Goal of the exercise: Return the data below unchanged. Drop any pictures.

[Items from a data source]
::::::::::

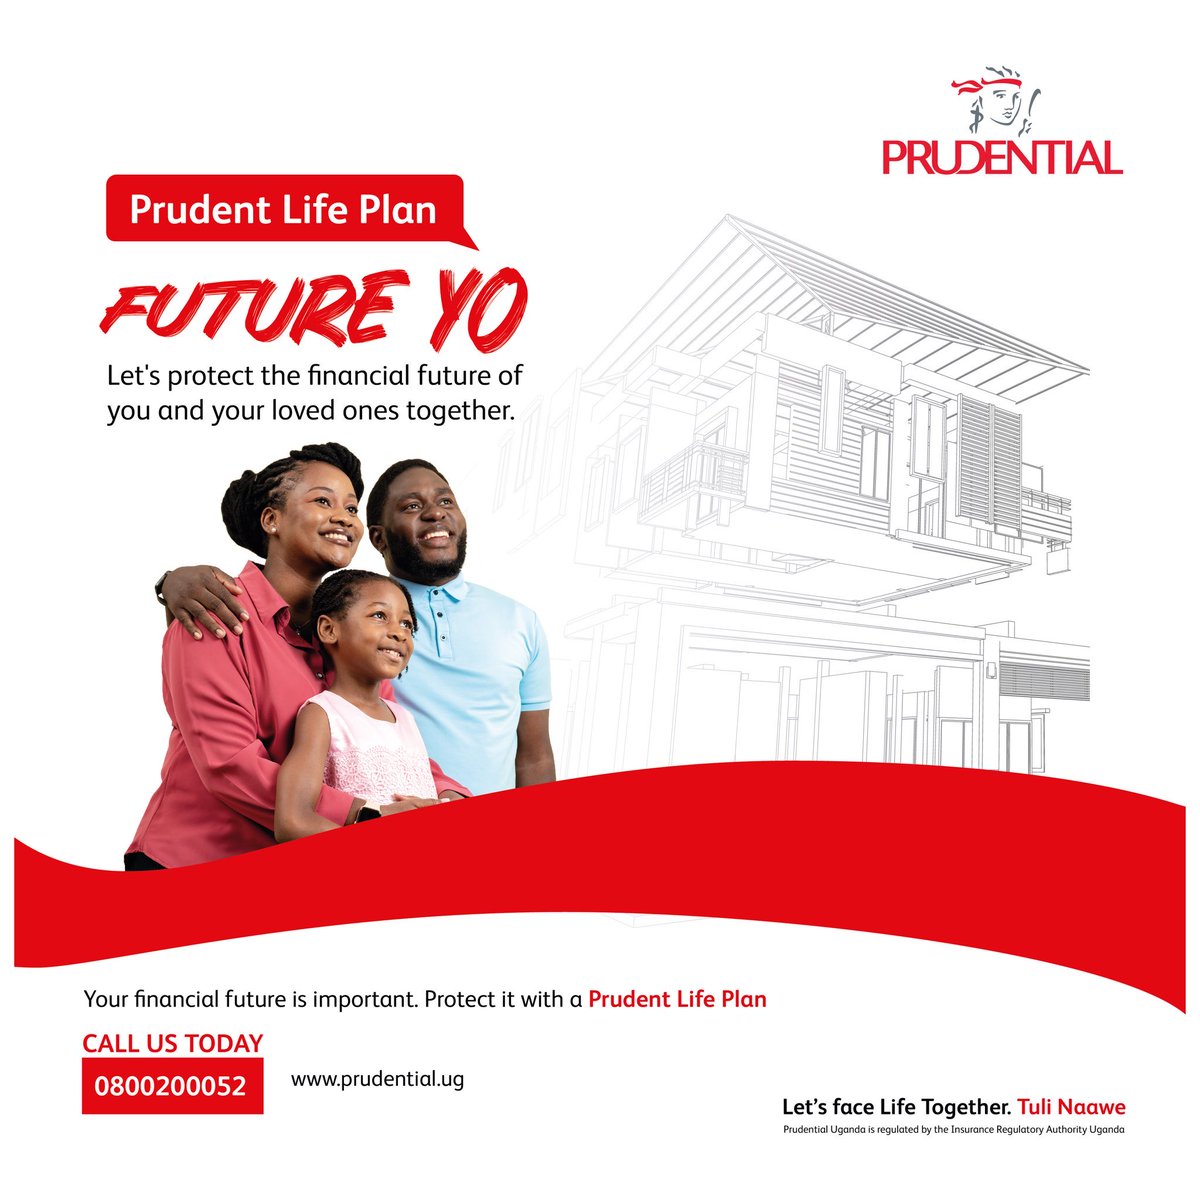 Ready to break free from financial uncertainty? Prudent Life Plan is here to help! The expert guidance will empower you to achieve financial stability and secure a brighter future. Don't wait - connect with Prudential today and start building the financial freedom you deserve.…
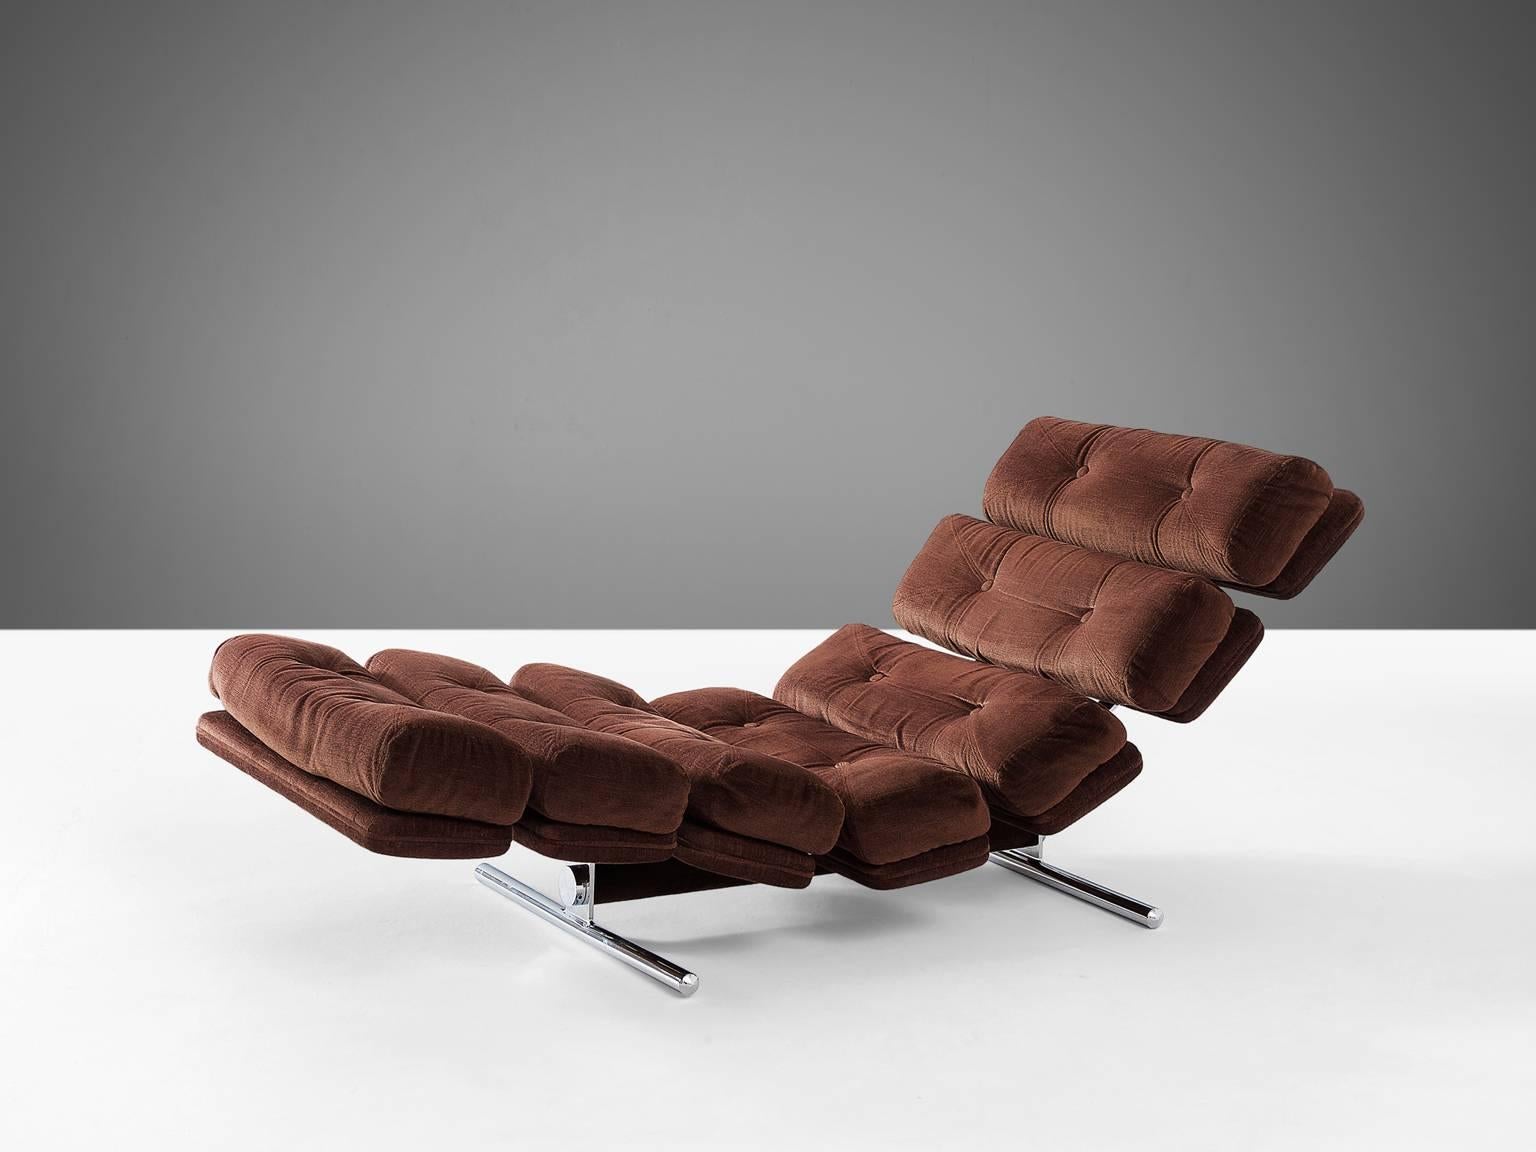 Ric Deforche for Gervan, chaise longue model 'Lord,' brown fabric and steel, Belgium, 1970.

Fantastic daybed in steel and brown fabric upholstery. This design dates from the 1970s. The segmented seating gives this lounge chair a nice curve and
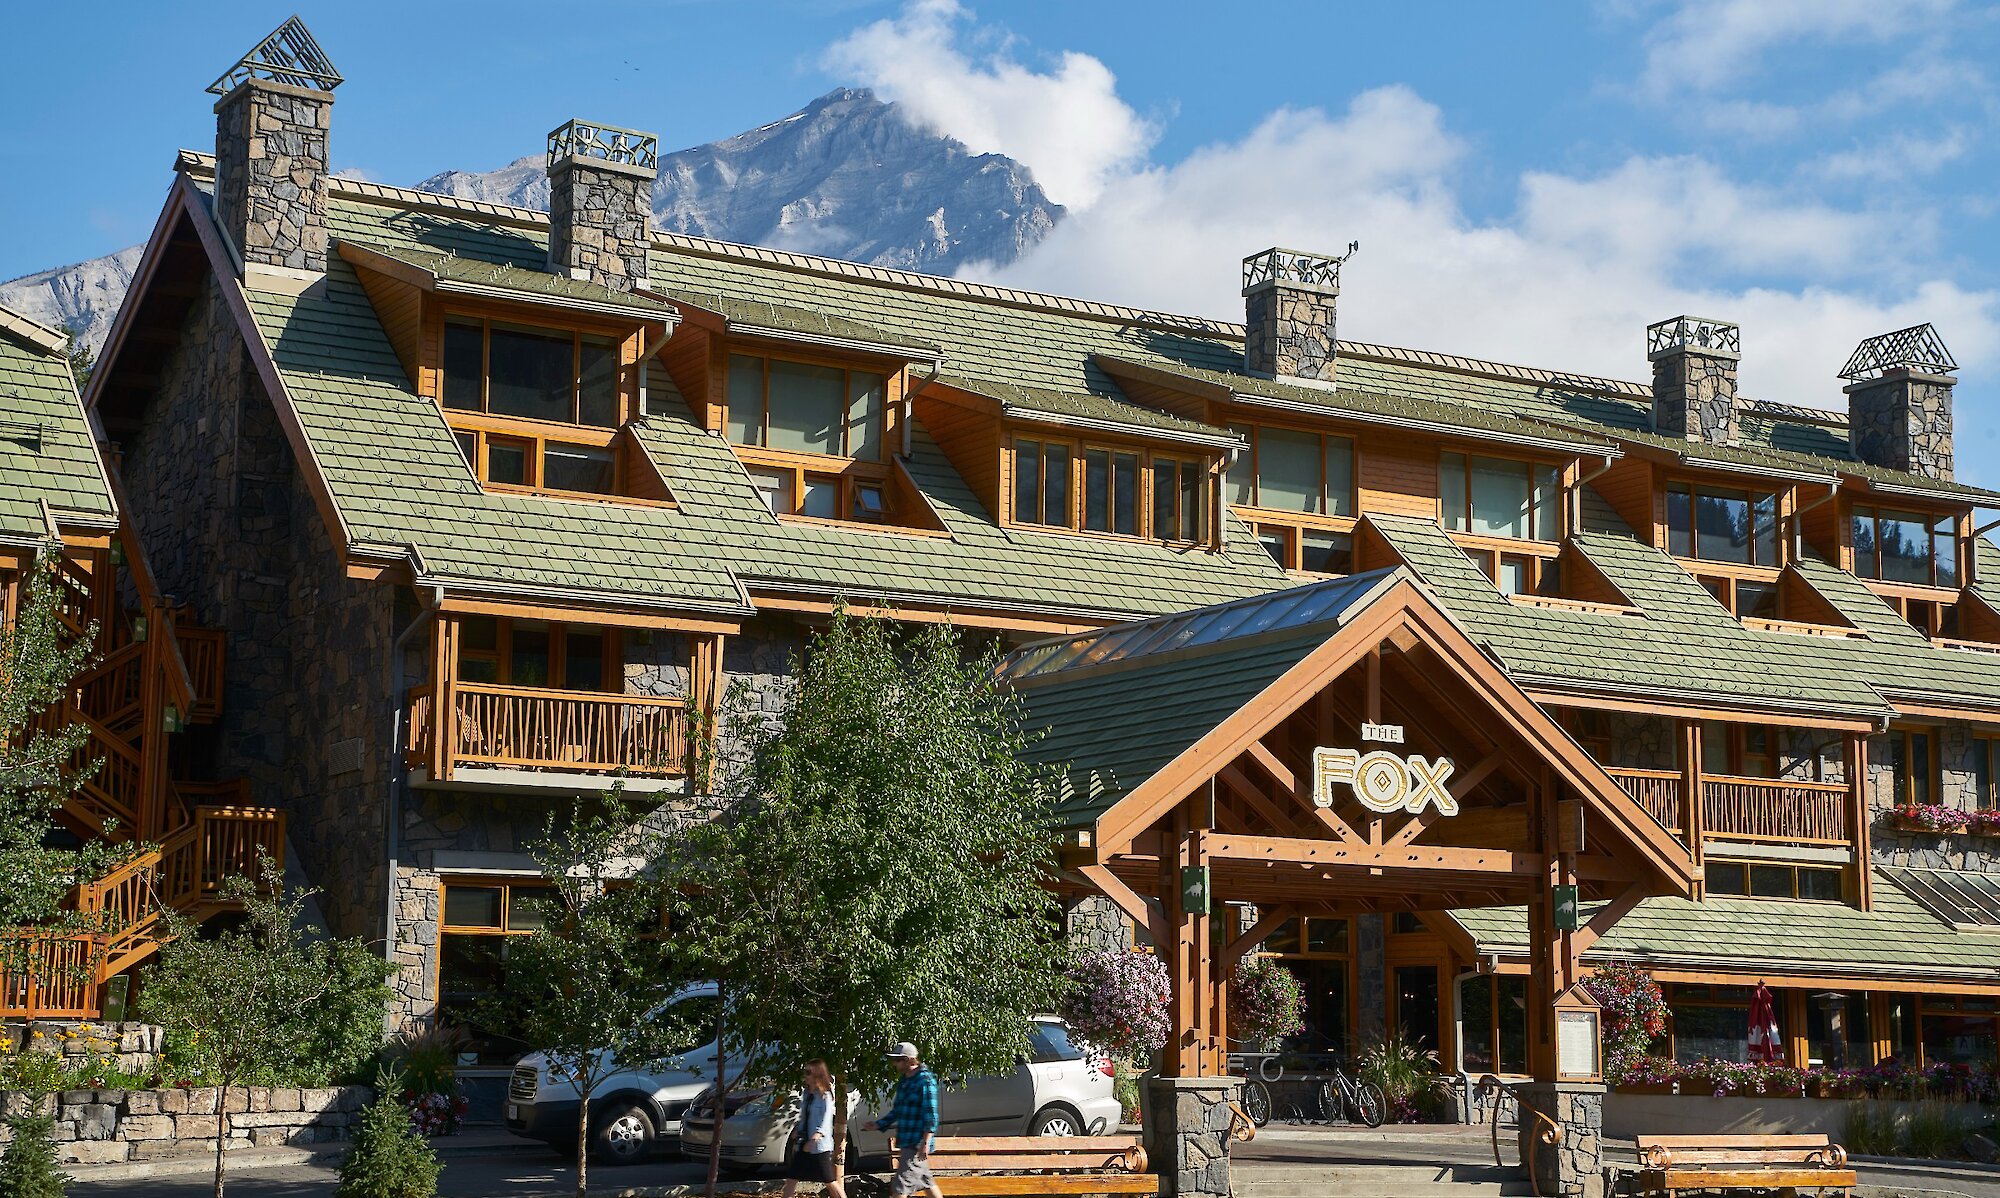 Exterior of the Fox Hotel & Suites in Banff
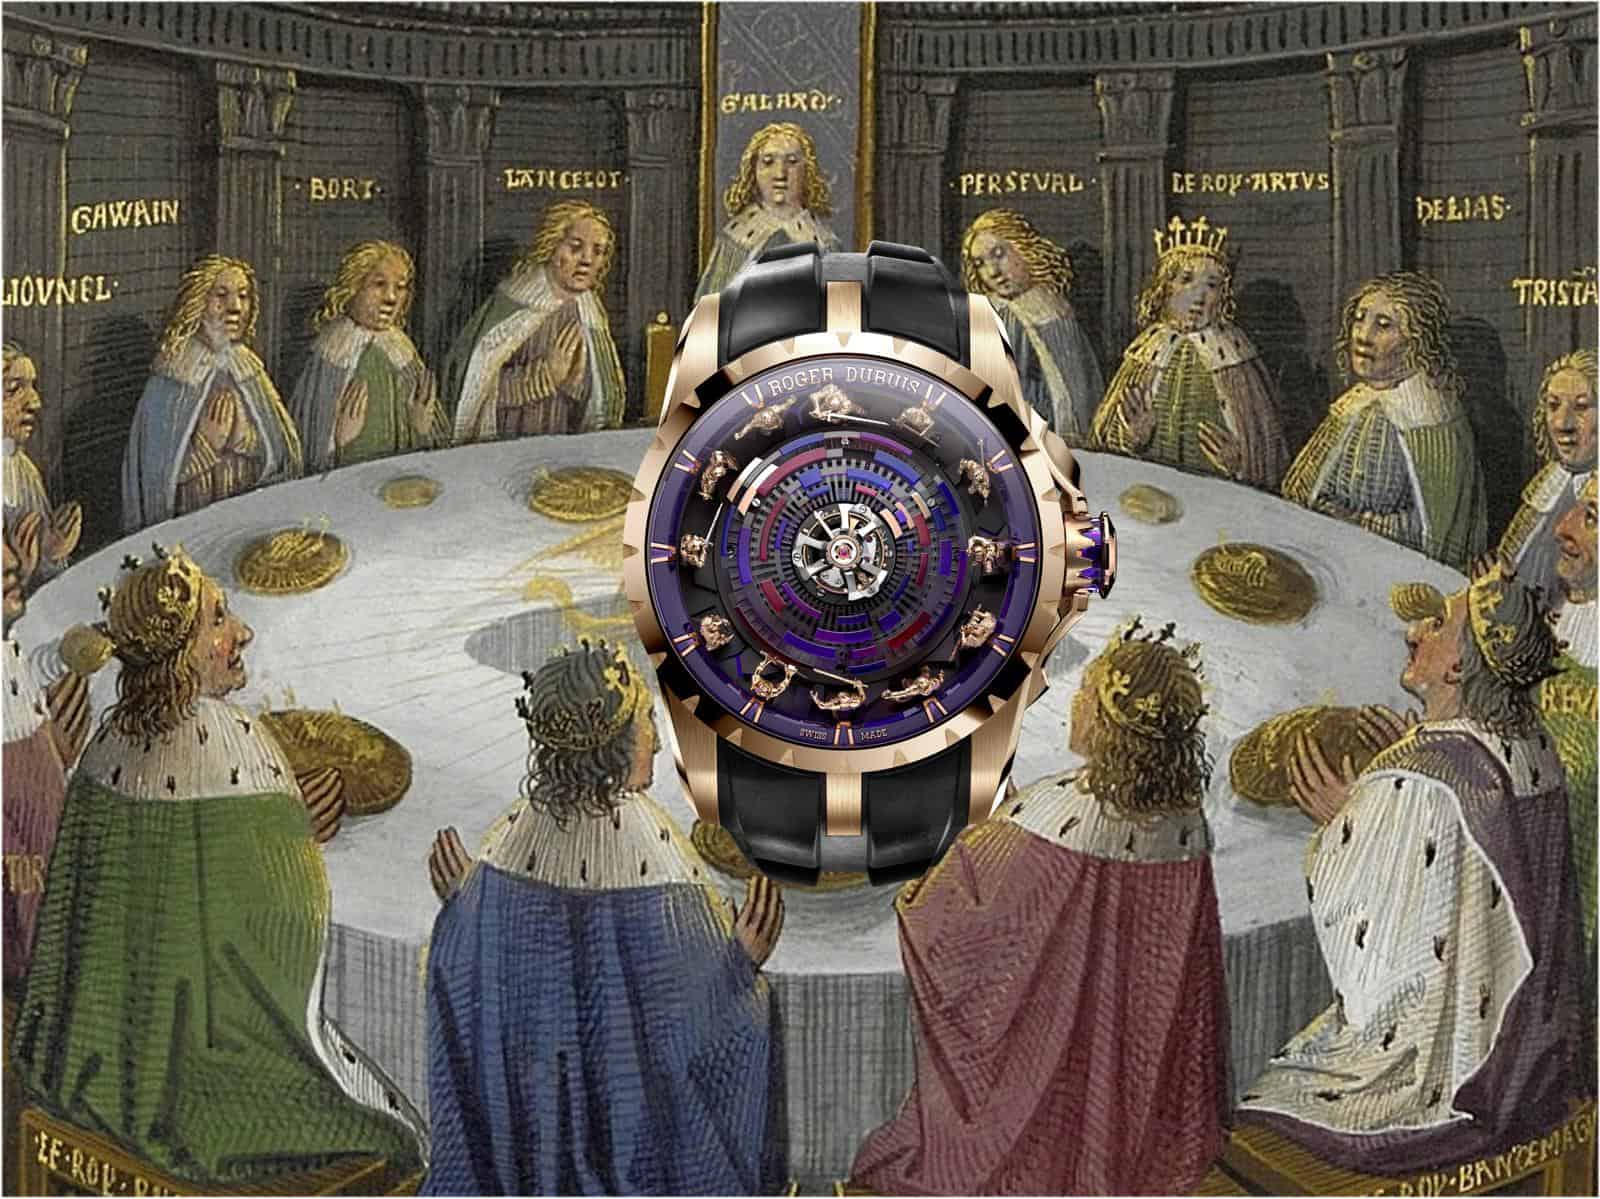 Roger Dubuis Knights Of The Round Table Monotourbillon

::::::::::

Exercise answer:
 Ready to break free from financial uncertainty? Prudent Life Plan is here to help! The expert guidance will empower you to achieve financial stability and secure a brighter future. Don't wait - connect with Prudential today and start building the financial freedom you deserve.…
 Ric Deforche for Gervan, chaise longue model 'Lord,' brown fabric and steel, Belgium, 1970.

Fantastic daybed in steel and brown fabric upholstery. This design dates from the 1970s. The segmented seating gives this lounge chair a nice curve and
 Exterior of the Fox Hotel & Suites in Banff
 Roger Dubuis Knights Of The Round Table Monotourbillon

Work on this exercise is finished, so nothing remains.